***** MATERIAL PROVIDED
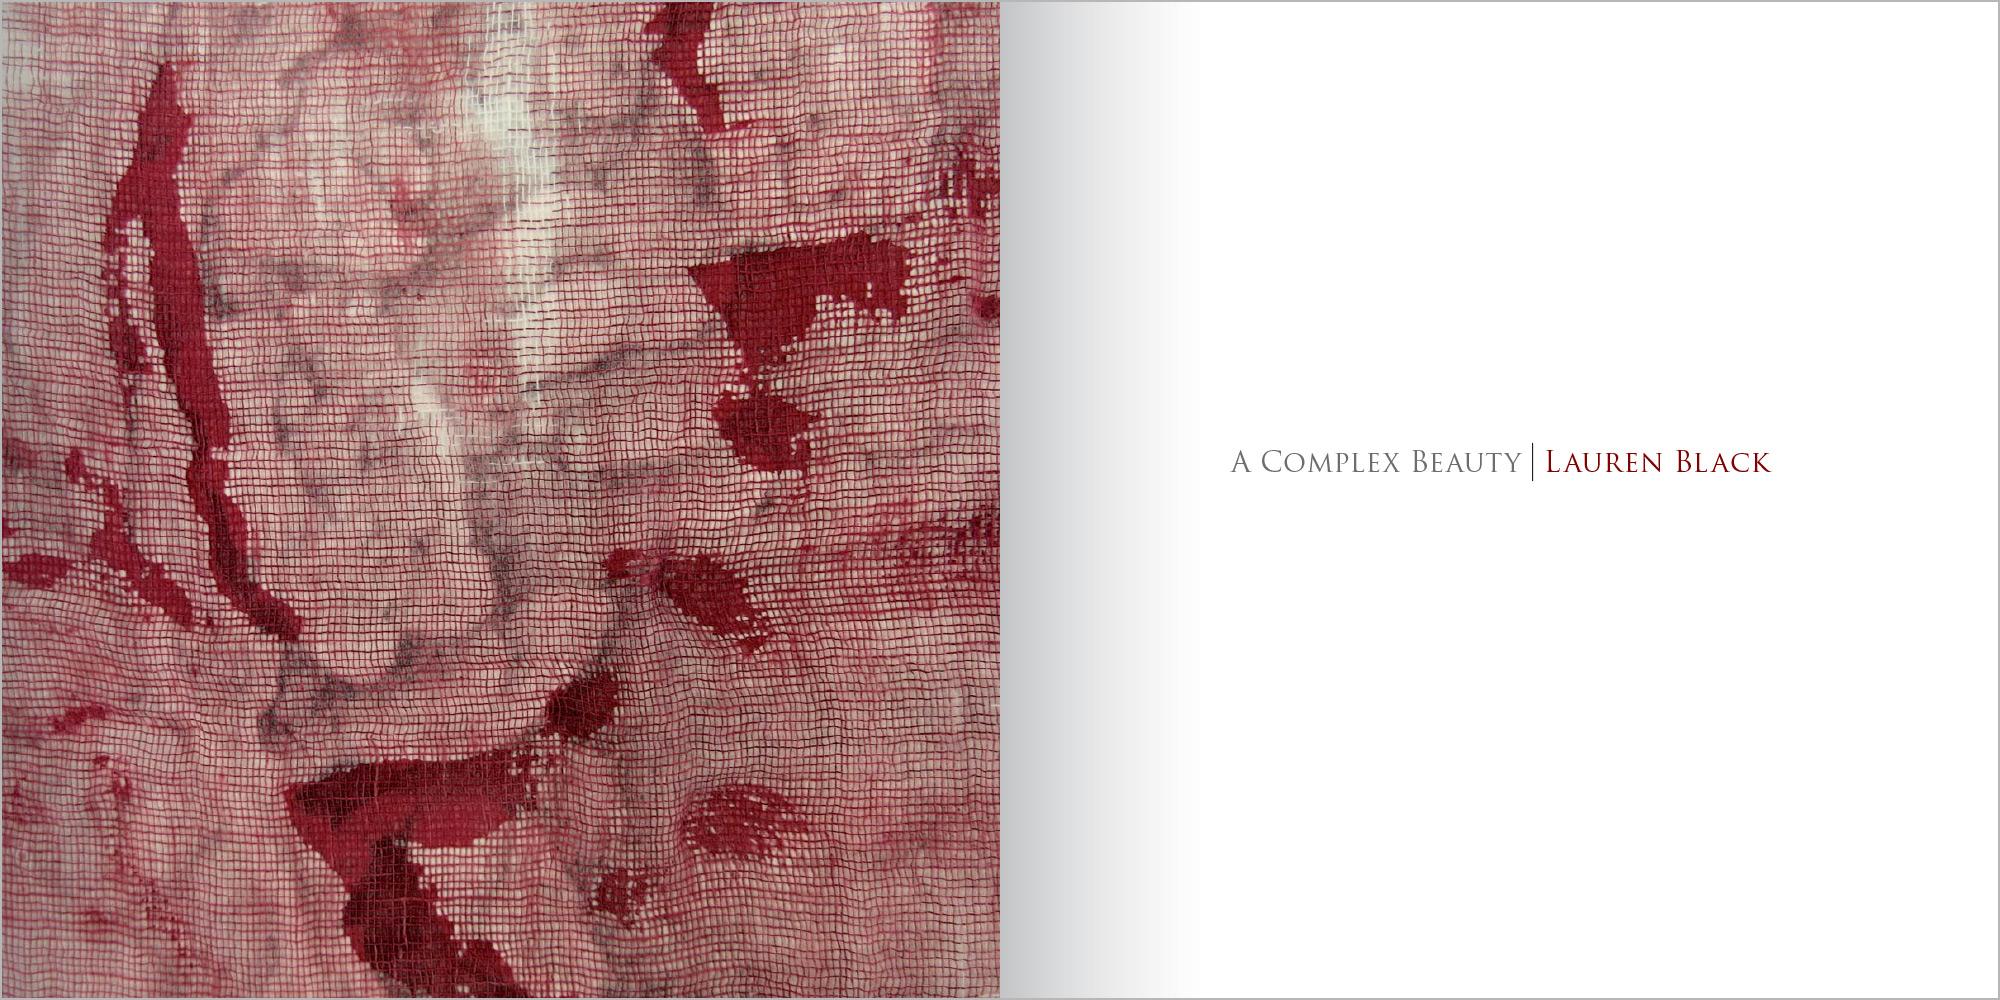 Catalogue-AComplexBeautySpread-1.jpg
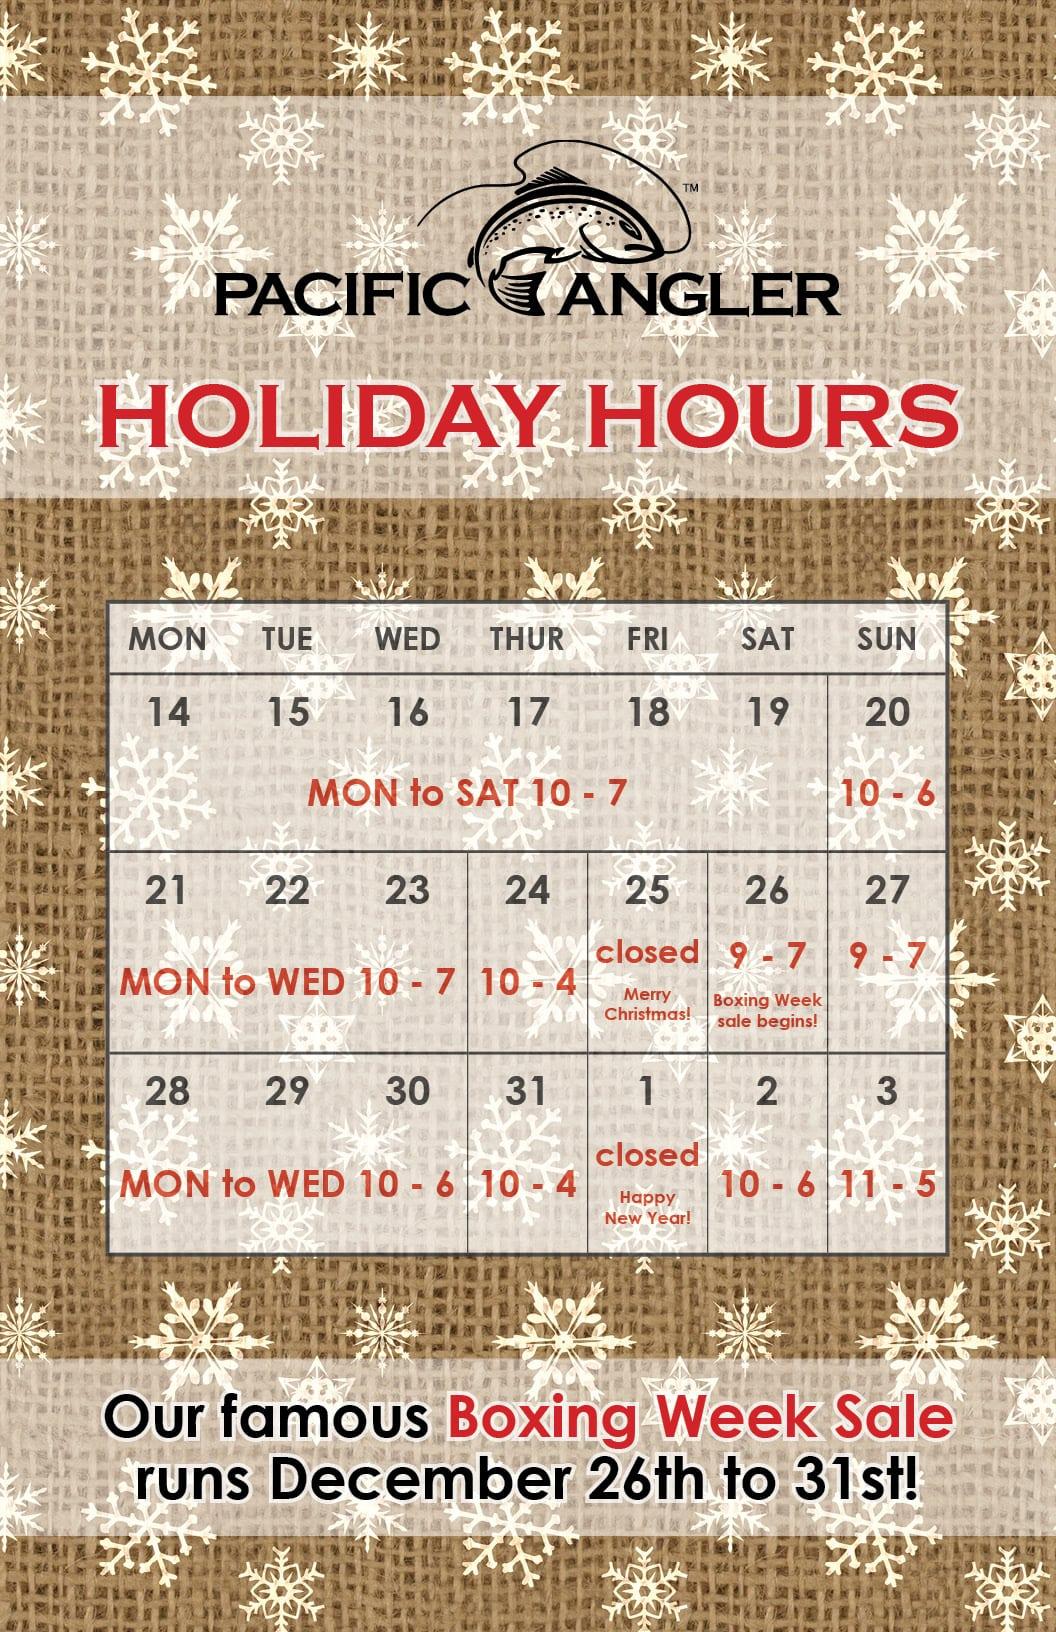 PacAng holiday 2015 - holiday hours
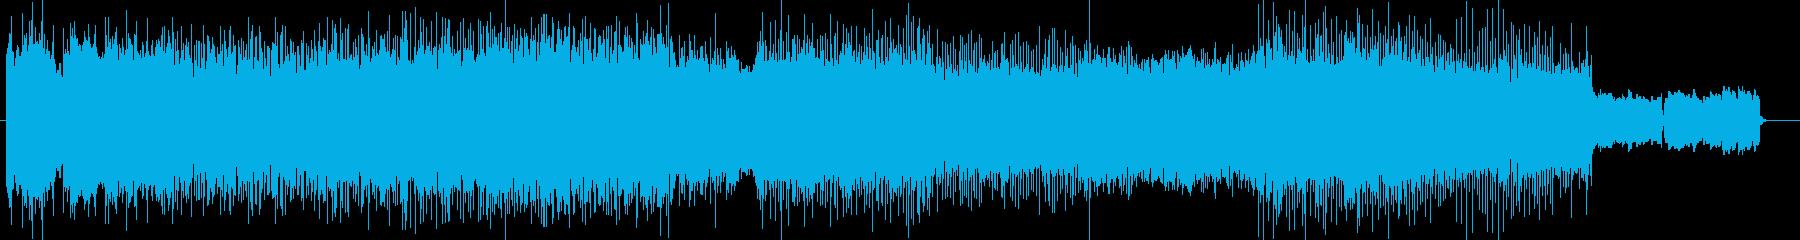 「HR/HM」「DARK」BGM44の再生済みの波形
**********
Pictures in the listing above must be skipped; everything else should be copied exactly.

» **WORKED SOLUTION**
 Catalogue-AComplexBeautySpread-1.jpg
 PacAng holiday 2015 - holiday hours
 「HR/HM」「DARK」BGM44の再生済みの波形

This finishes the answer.